The slab was discovered in 1900 by Paul du Châtellier in a prehistoric burial ground in Finistère, western Brittany. It formed the wall of a cist burial. The cist measured 3.86 m long, 2.1 m wide and 1.86 m high and was oriented on an east-west alignment. It contained a broken ceramic pot, which has since been lost, and was buried under layers of stone rubble. The recovered portion of the slab measured 2.2 m long, 1.53 m wide and 16 cm thick and weighed around 1 LT. It was made from a grey-blue schist, thought to come from rocky outcrops from the Precambrian period found close to Douarnenez. The slab had been broken prior to its burial and the upper portion was missing. The unbroken slab may have been around 12.7 ft long.
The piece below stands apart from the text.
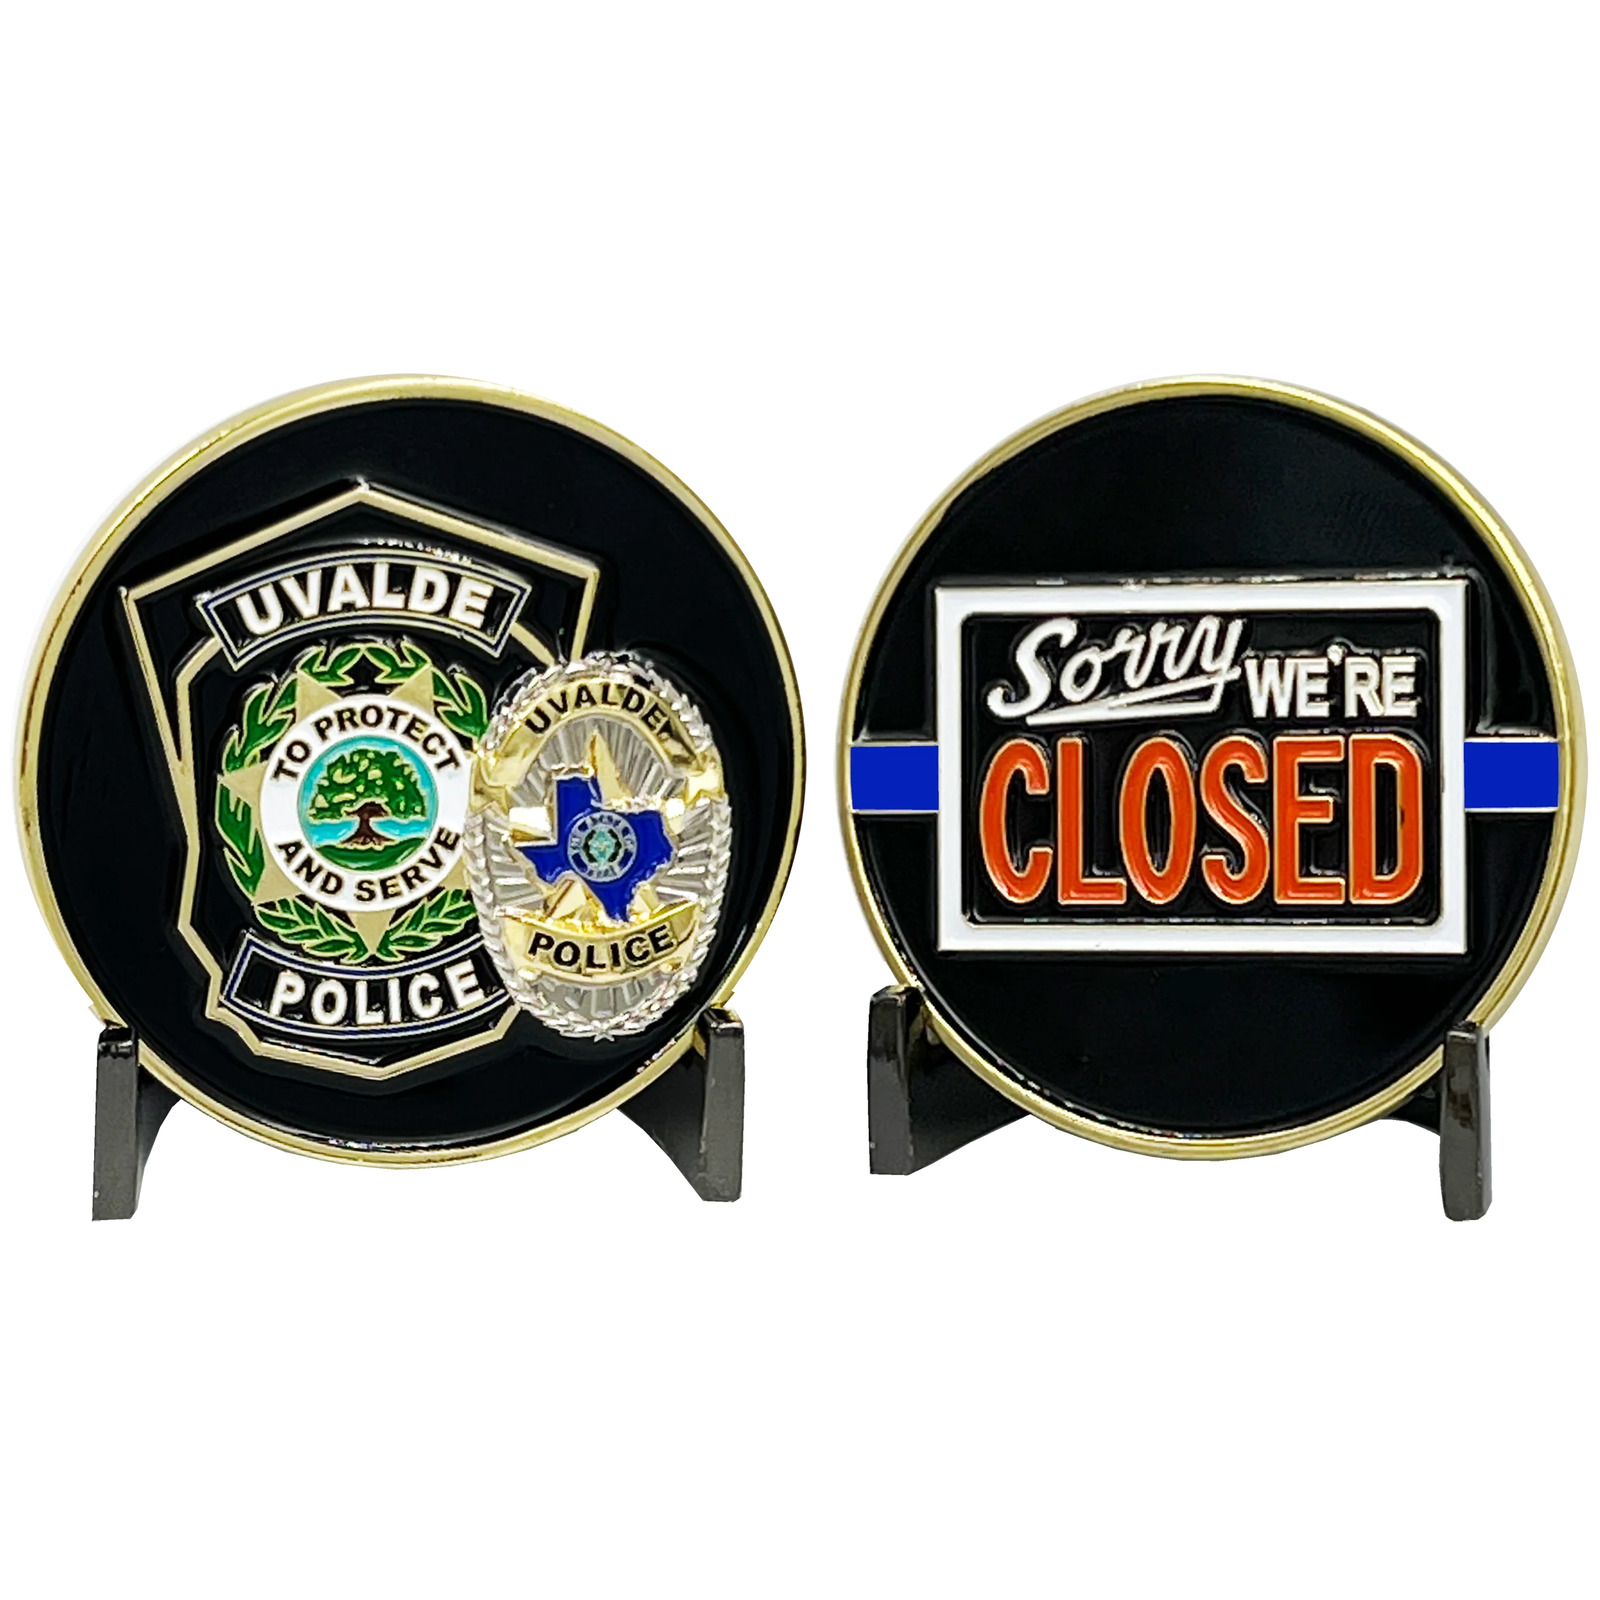 EL13-020 Uvalde TX Police Department Sorry We're Closed Challenge Coin Border Pa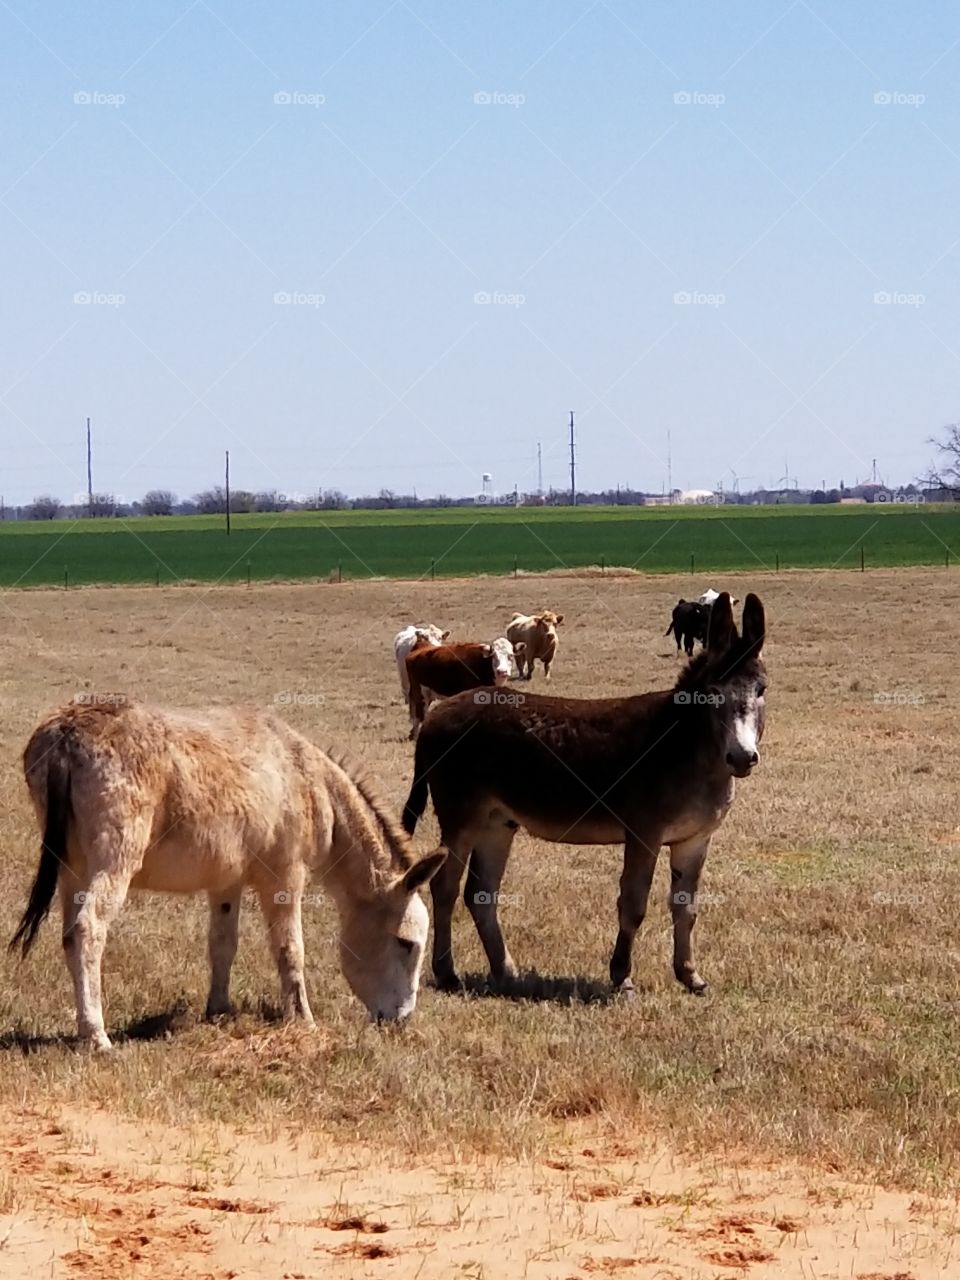 Donkey watching over cattle

Du Châtellier stored the slab at his house, Château de Kernuz. Sources differ as to whether the slab was donated to the National Archaeological Museum after du Châtellier's death or if it was acquired by a private museum soon after discovery and then by the National Archaeological Museum in 1924. In either case, the slab remained at the Château and, until the 1990s, was stored in a niche in the Château's moat before being moved to its cellar.

== Rediscovery ==
The slab was rediscovered in the cellar at the Château de Kernuz in 2014. Researchers who read du Châtellier's original reports had independently come to the conclusion that the slab represented an early map because of the intricate engravings present on it. The French National Institute for Preventive Archaeological Research, Bournemouth University, the French National Centre for Scientific Research, and the University of Western Brittany carried out a joint study of the slab between 2017 and 2021. The study was published as an article in April 2021 in the Bulletin de la Société préhistorique française of the Société préhistorique française.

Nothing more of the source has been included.